Is It Time to Expand Your GTM Beyond North America?
How to assess when and how to expand your go-to-market strategy globally—without losing focus at home.
DEAR STAGE 2: We’re a series A company HQ’d in NYC and almost all of our revenue is in North America. We have started to receive some inbound leads from other countries and our early research indicates that the product requirements are pretty consistent, in Europe at least. How should we think about international expansion? When is it the right time to start expanding our GTM efforts beyond the US? ~Leaning Global
DEAR LEANING GLOBAL: If you had asked this question a decade ago, my response would have been about focussing on your core market. But in today's connected global marketplace, we’re seeing companies expand internationally *much* earlier in the lifecycle of a company.
I recently chatted with Marie-Michèle Caron, a Stage 2 Limited Partner, and leader who has personally made the move to open a new market - she truly knows what it takes to take companies global. Read on for her advice on approaching international expansion as a Series A company.
Plan Ahead, But Take Baby Steps
Marie advises to start thinking globally from the get-go. Not selling globally, but planning for the future. “Start thinking global right away - your product definition, roadmap, platform, how you think about sales ops/management has to be global or you won’t be able to serve customers abroad when the time comes."
This doesn't mean you need to launch in 20 countries tomorrow. It means building the foundations that will allow you to go international when the time is right. Think about how your product can and will scale across different markets, languages, and regulatory environments, and ensure you are making long-term decisions that support this goal.
Now, let's talk about timing. Just because you're getting some inbound leads from Europe doesn't mean it's time to open an office in London. Marie advises: "Don't just start shifting marketing dollars and headcount. You can cover the first few customers with extra time zone coverage from your BDRs, Sales, CS."

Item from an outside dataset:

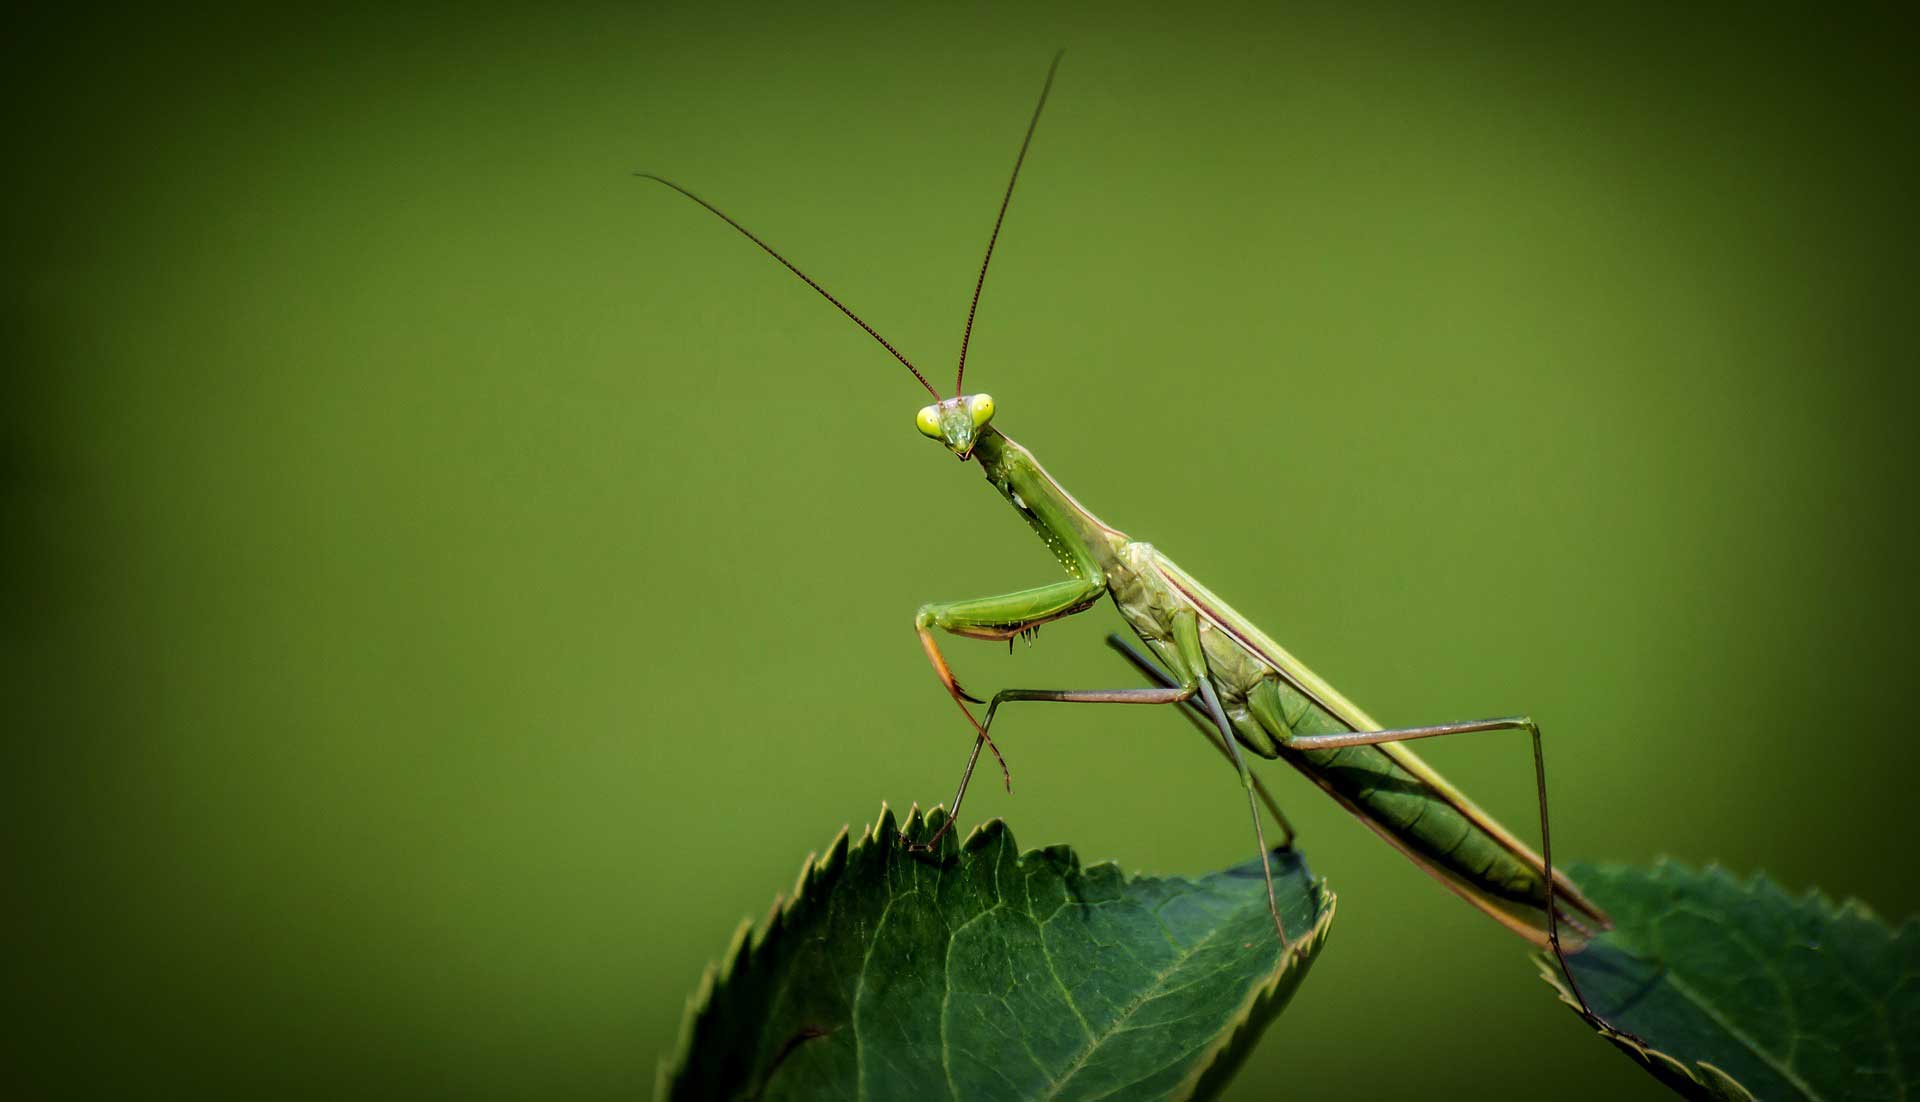 Where to Find Live Praying Mantis? - Learn About Nature

In other words, let the market pull you in rather than trying to push your way in. When you start seeing recurring and repeatable revenue from a region, that's when it's time to consider putting boots on the ground.
Staffing a Local Team
When you do decide to make the leap, staffing is crucial. Marie recommends sending one of your core team members as the first employee in a new region. “Pick one founder or core early employee to make the move and bring the culture and product knowledge. They need to bring what's already working to the new location. New employees are not going to commit to the mission unless they feel that connection and live the values - this comes from senior leadership."
This person who relocates will typically be in sales or technical sales - someone who can do demos in the right time zone and provide local customer support. They may or may not act as the GM of the region depending on seniority level. Marketing, legal, HR, and product can and should stay at HQ at this stage.

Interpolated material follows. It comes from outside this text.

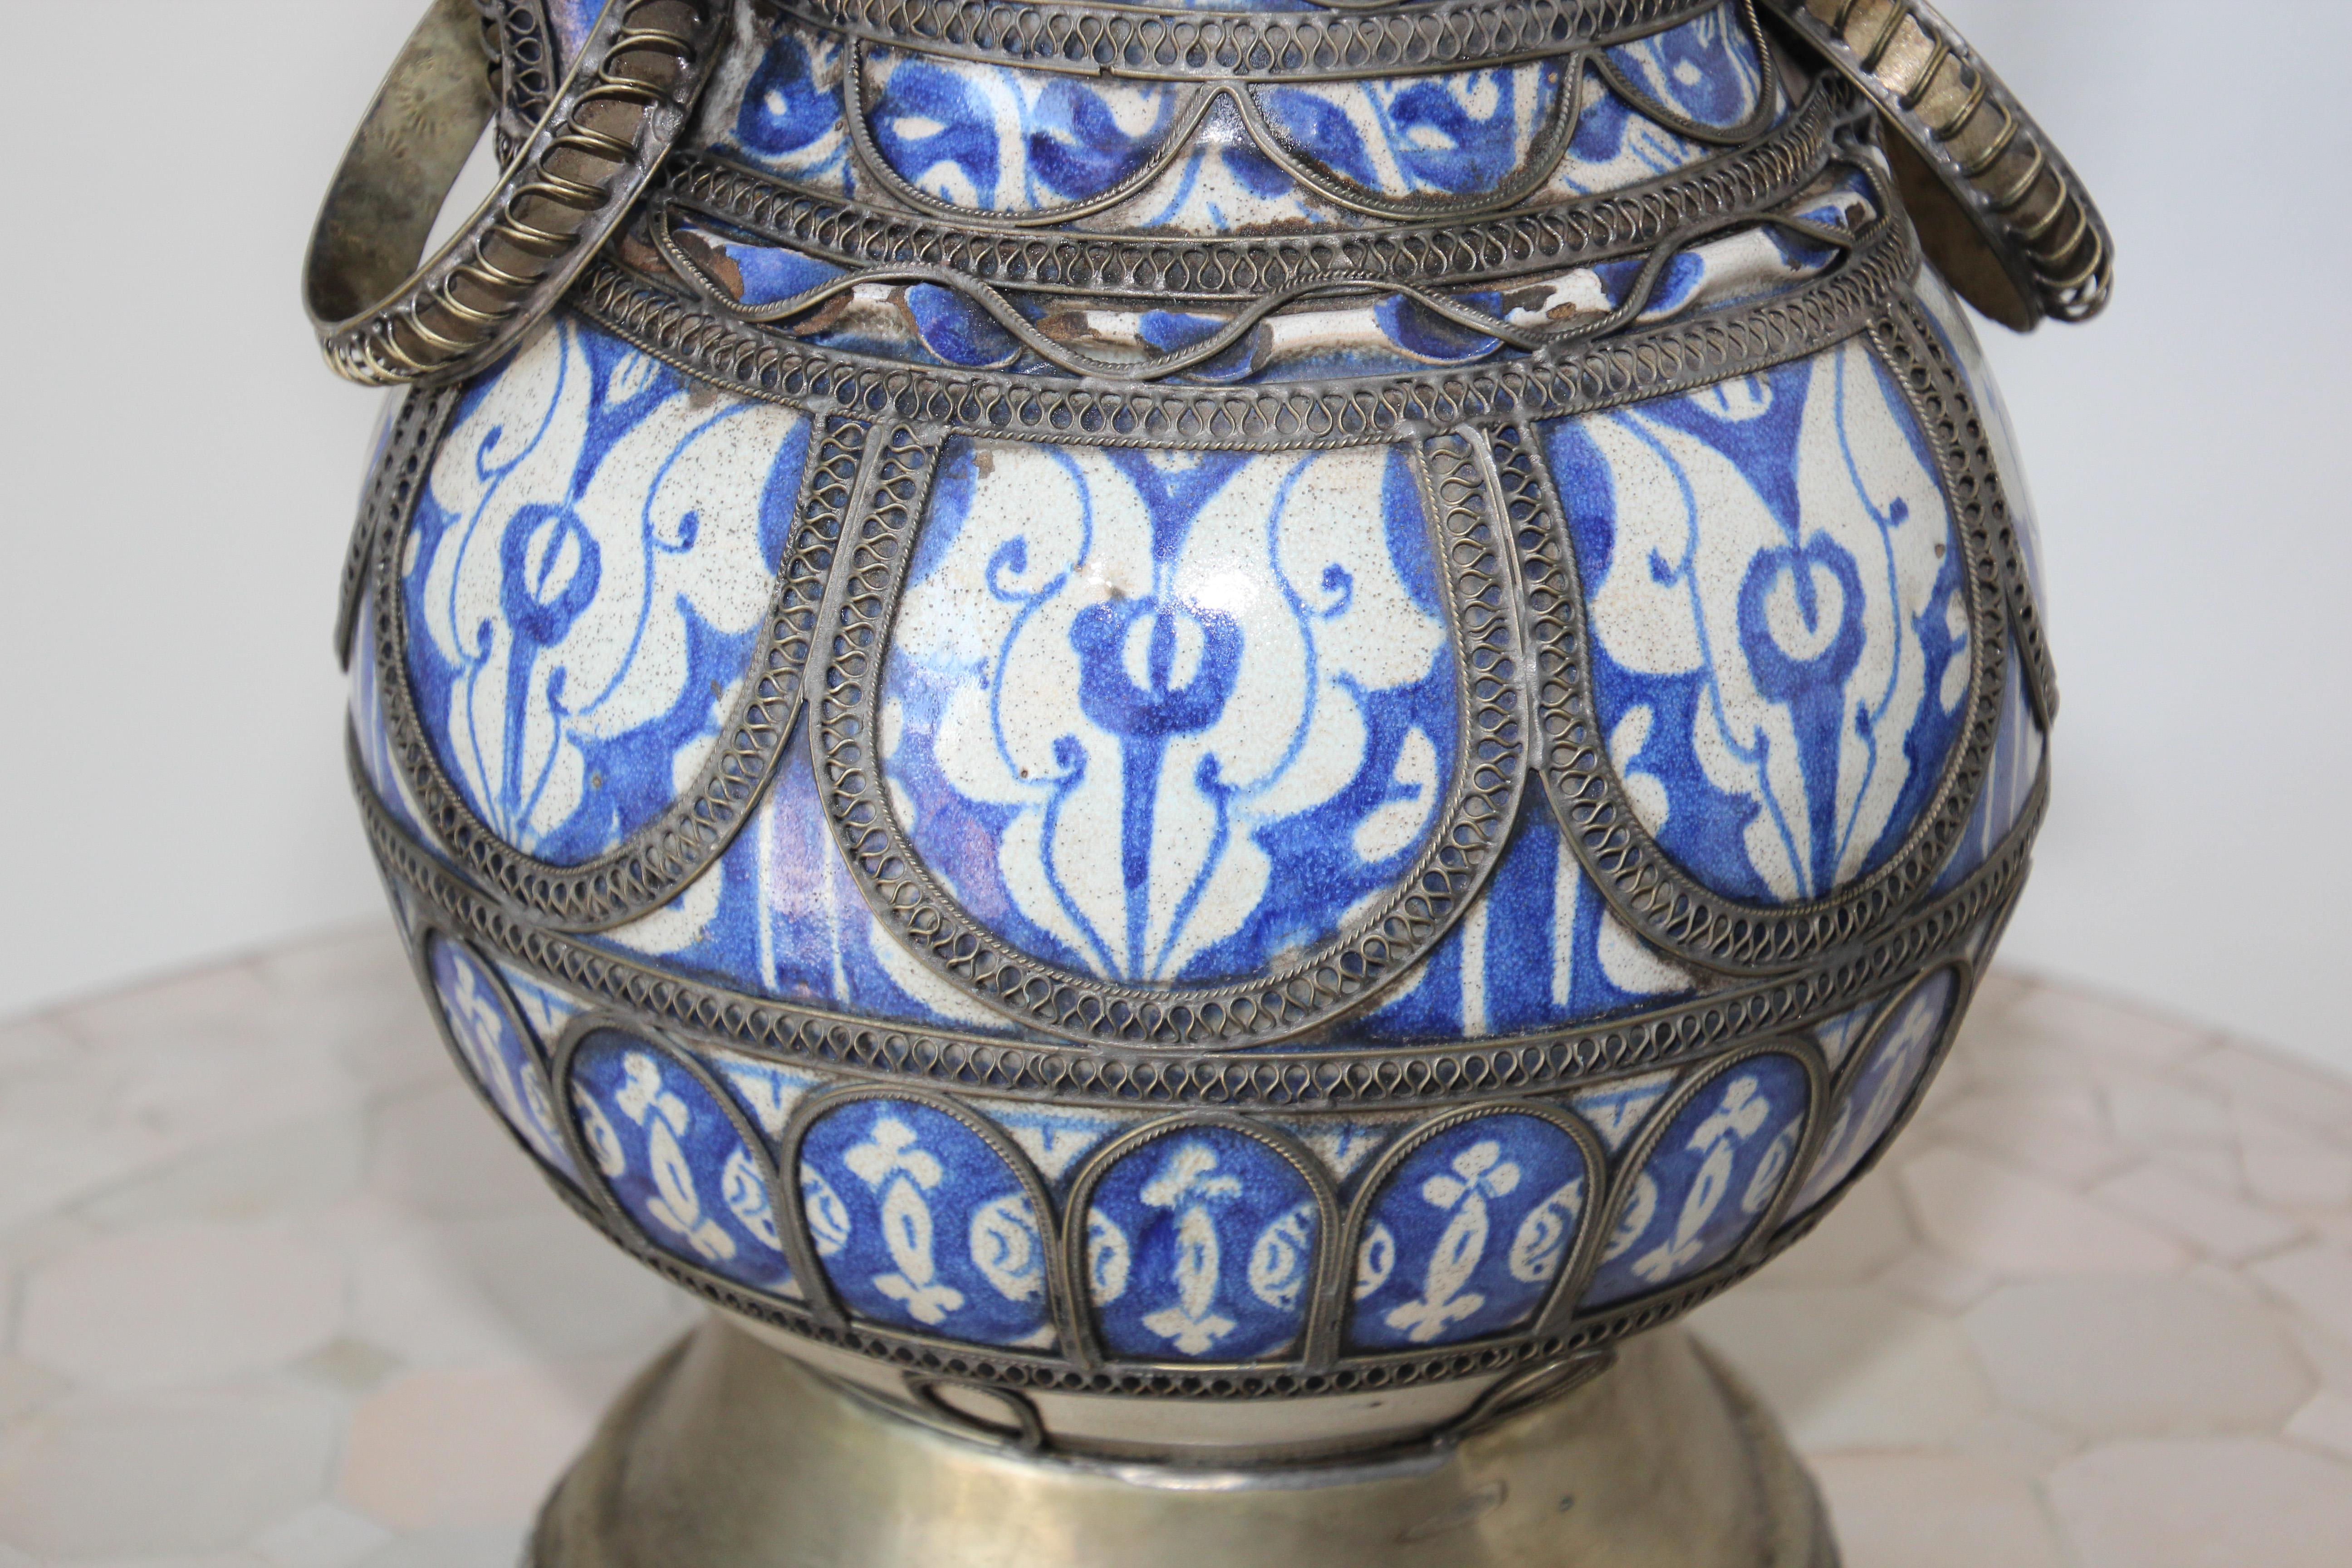  Moroccan Blue & White Ceramic Footed Vase from Fez with Silver Filigree For Sale 5

Here's a key point: treat your international expansion like an independent business. Give it its own P&L and empower your local leadership to own their territory. Set targets together, but let them request the resources they need to hit those targets. If the local team wants to spend 80% of the marketing budget on an event, you have to trust their perspective on the market and not assume the same strategies that worked in the US are repeatable abroad.
While you give autonomy, you can't let your international office become an island. Marie emphasizes the importance of regular face-to-face meetings: "You have to bring that person back to HQ a few times per year, and make it a priority to go to visit them too. Quarterly in person touch points matter to avoid growing a totally separate business." Remember, as the founder or CEO, the onus is on you - it's your job to maintain alignment between HQ and your international offices.
Preparing to Scale
Once you’ve invested in building a local team, you have to be “all in” on the region. This means getting your entire executive team aligned and committed to delivering across the board. Requirements come in different forms:
Staffing including time zone and language support
Localization of the product - both language and feature requirements
Local legal requirements and compliance (ex: GDPR)
Finally, don't rule out acquisitions as a way to accelerate your international expansion. An acqui-hire can give you a team that already knows how to work together in the market, has a localized product, or has an established partner channel that can accelerate your timeline to scale.
Remember, the goal isn't just to be in new markets - it's to win in new markets!
Until next week!
All great points for building a direct presence, but I'd also suggest considering an indirect strategy by identifying key partners that can help break into the market with local relationships, culture, language and expertise. This will create leverage, cost effectively, as you learn the market and evaluate a greater investment in people and infrastructure. Partnerships can be an effective way to scale internationally.